What you have to do:
Line by line, restate the material word for word, omitting any image.

::: Source data :::

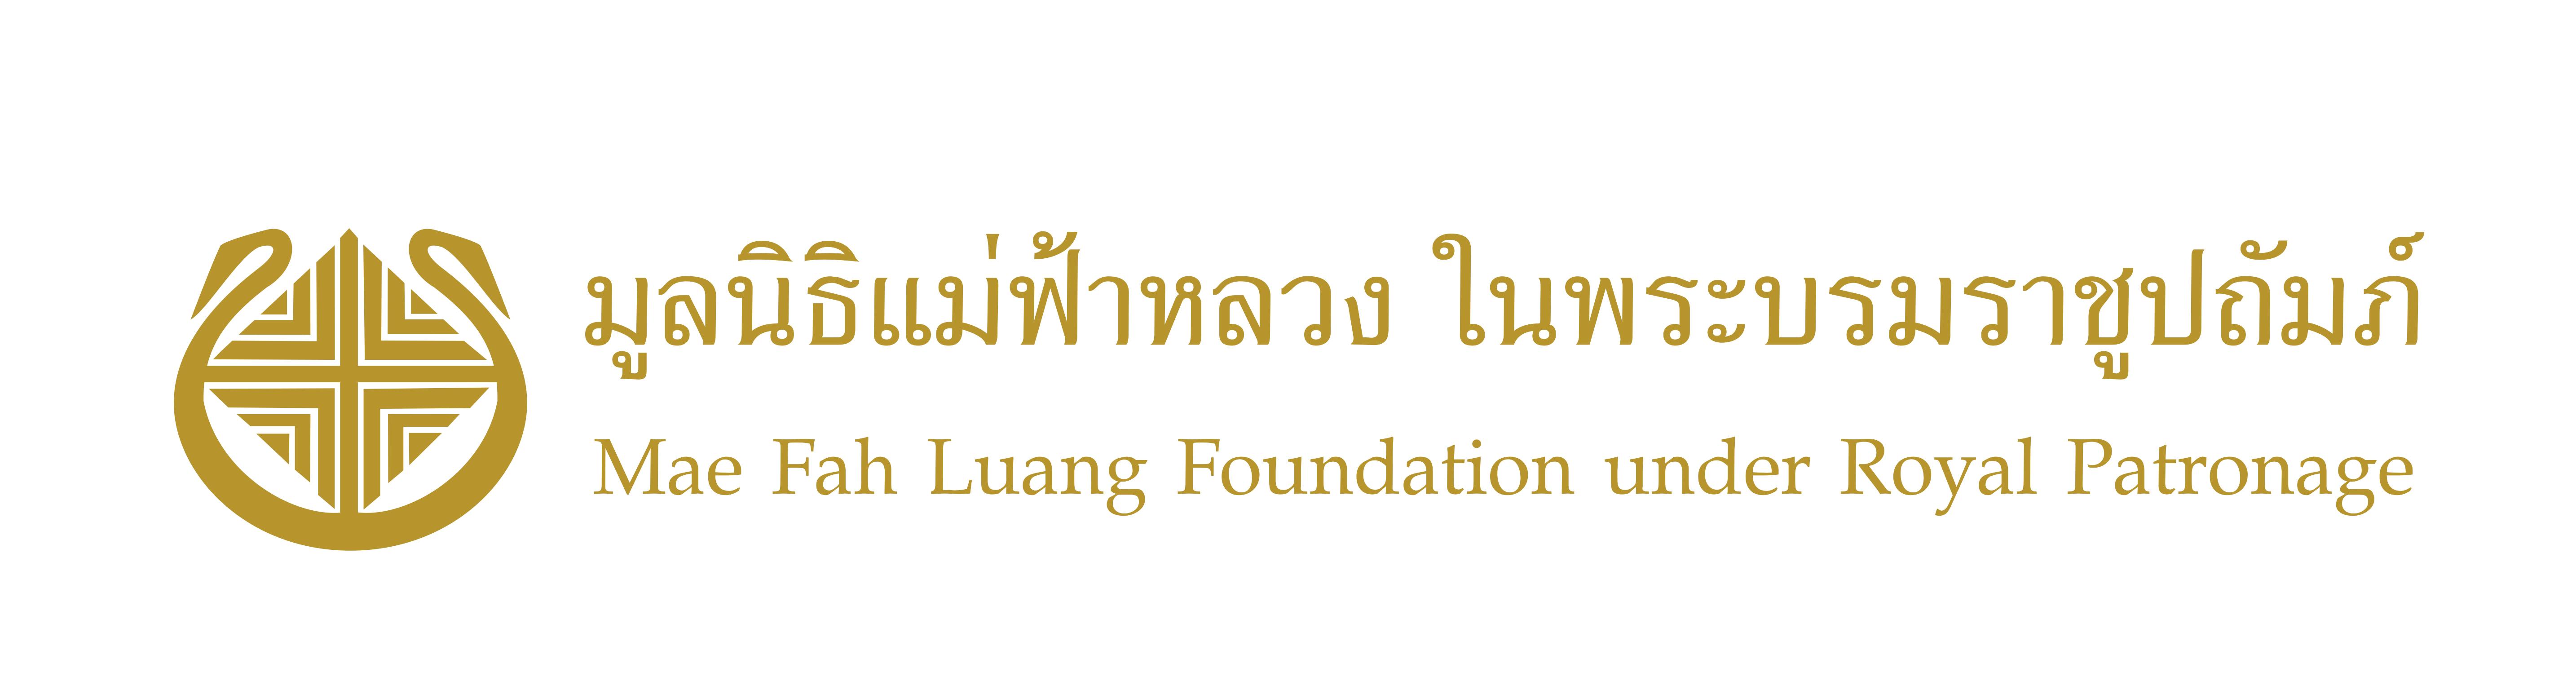 Mae Fah Luang Foundation under Royal Patronage
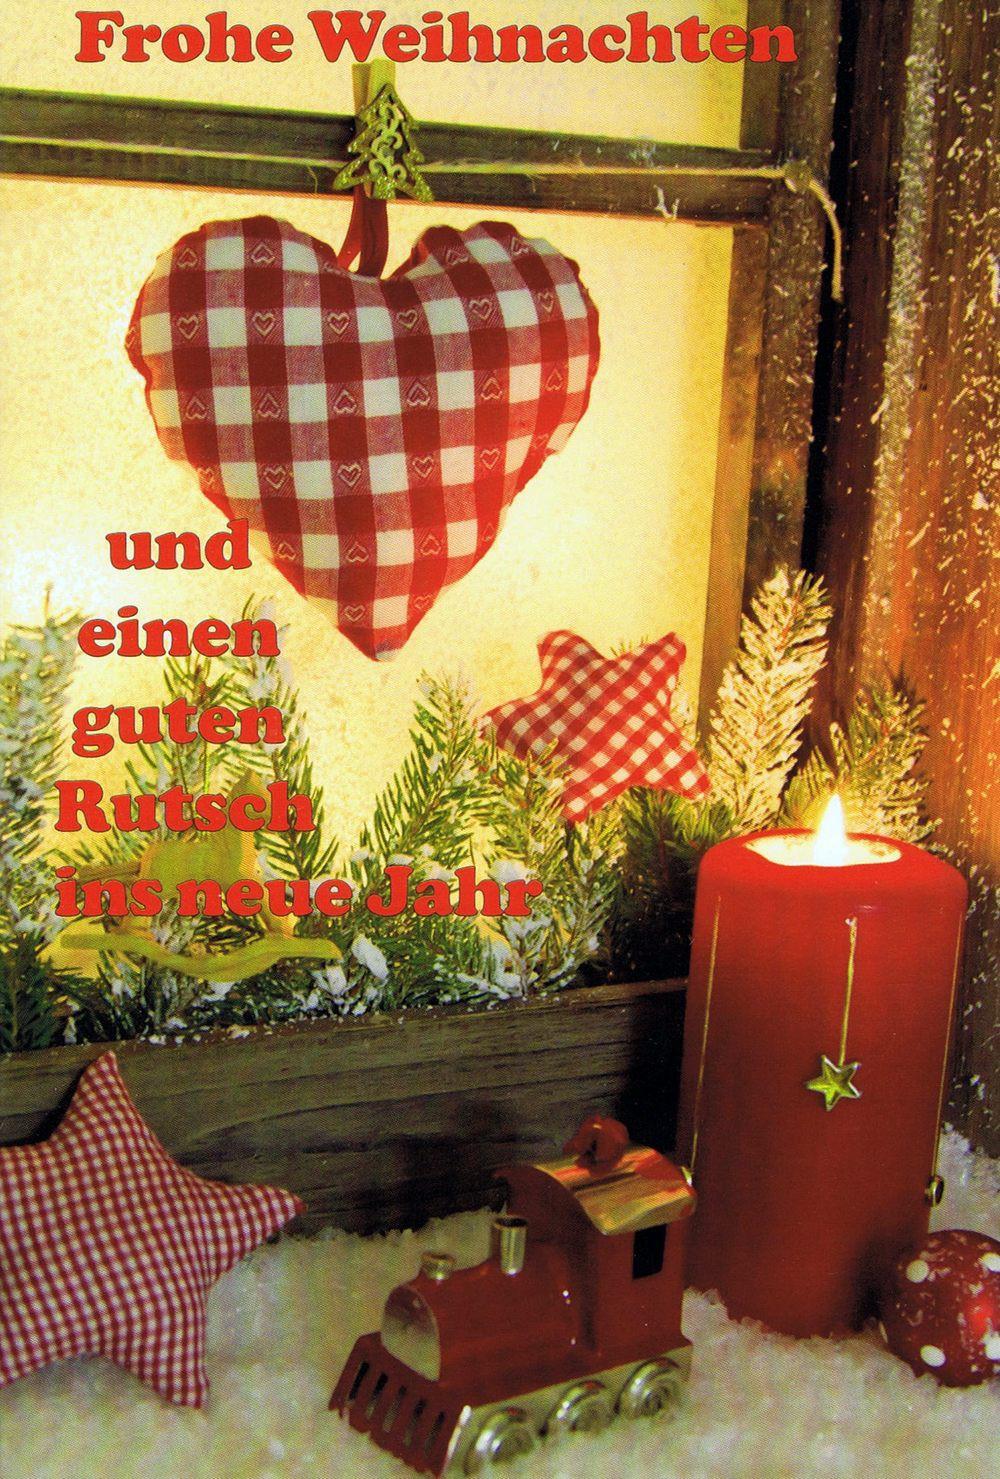 Weihnachtskarte 3 - Kerze am Fenster
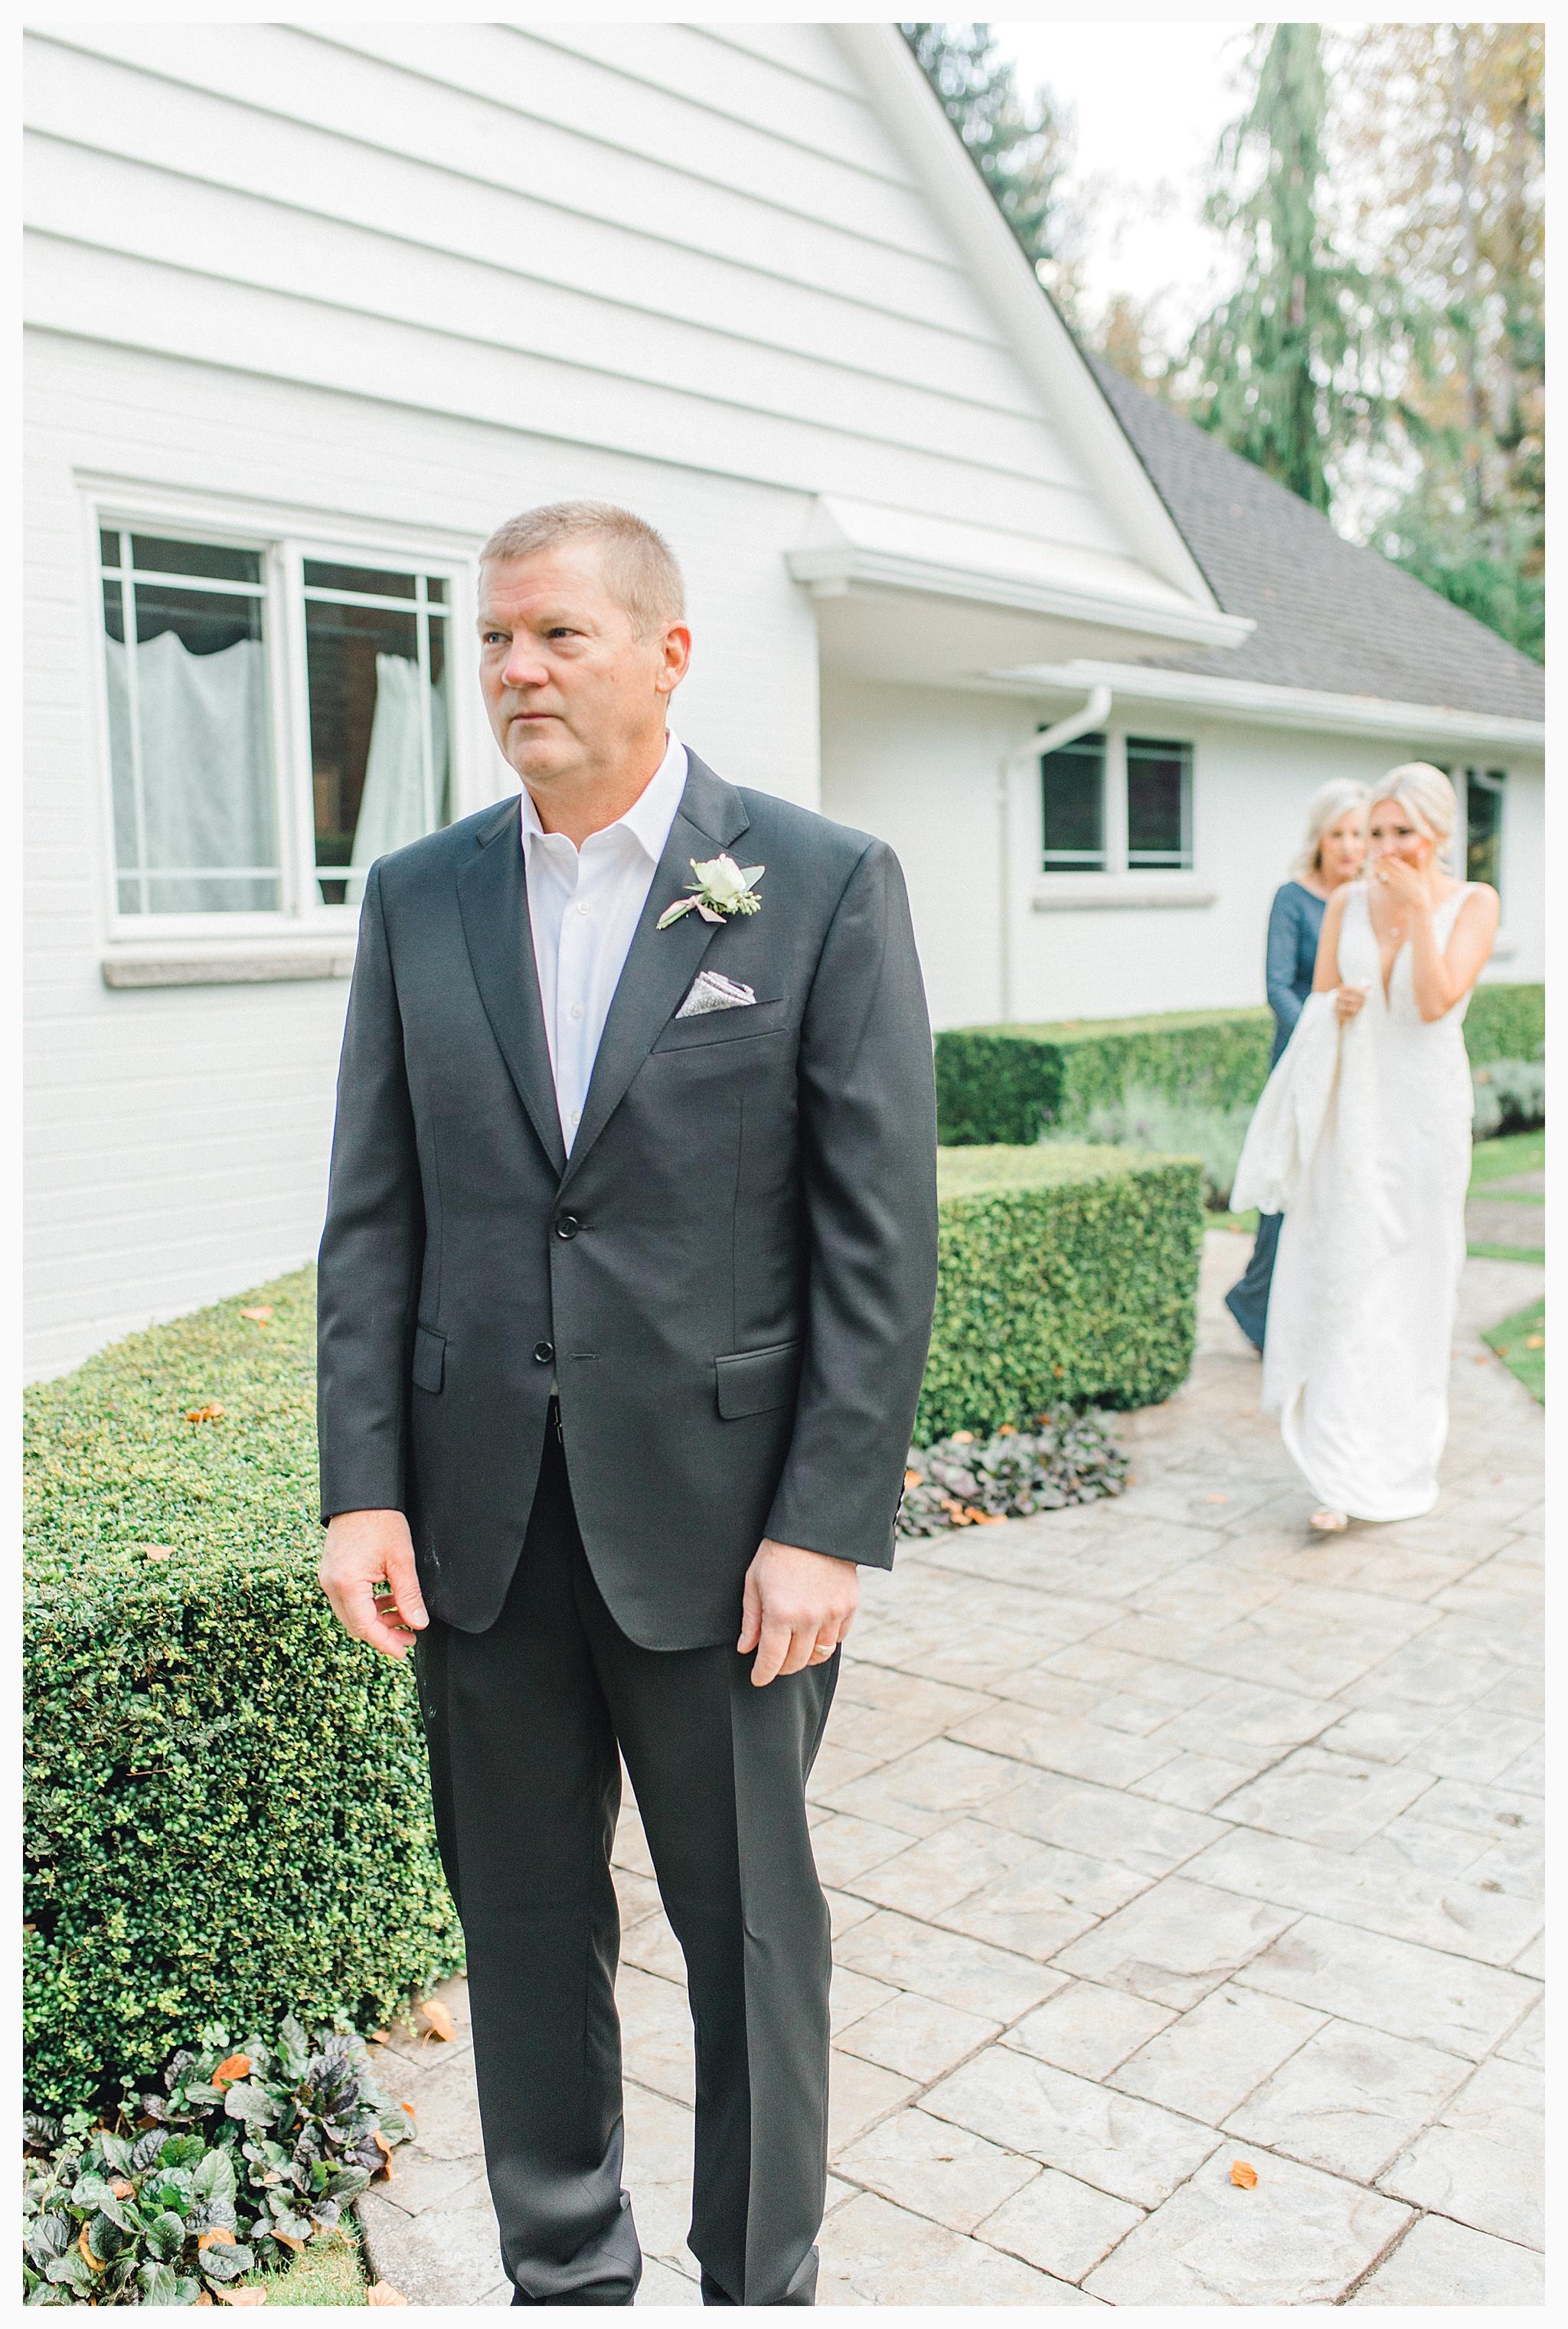 Emma Rose Company Light and Airy Wedding Photographer, Beautiful fall wedding at Rock Creek Gardens Venue in Puyallup, Washington._0018.jpg
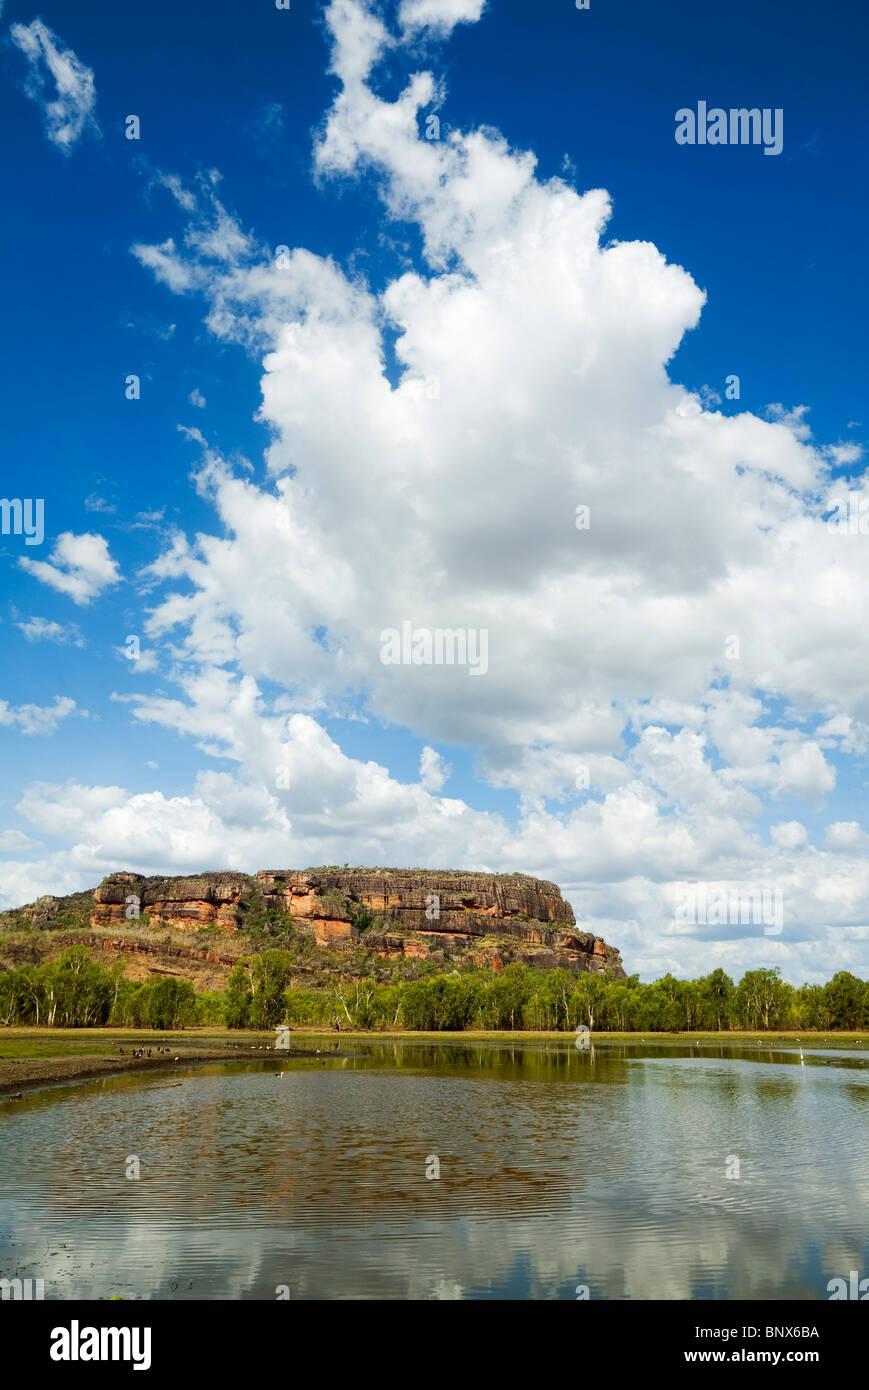 View across Anbangbang Billabong.  Nourlangie, Kakadu National Park, Northern Territory, AUSTRALIA. - Stock Image

:::

Solution:
 Mae Fah Luang Foundation under Royal Patronage
 Weihnachtskarte 3 - Kerze am Fenster
 Emma Rose Company Light and Airy Wedding Photographer, Beautiful fall wedding at Rock Creek Gardens Venue in Puyallup, Washington._0018.jpg
 View across Anbangbang Billabong.  Nourlangie, Kakadu National Park, Northern Territory, AUSTRALIA. - Stock Image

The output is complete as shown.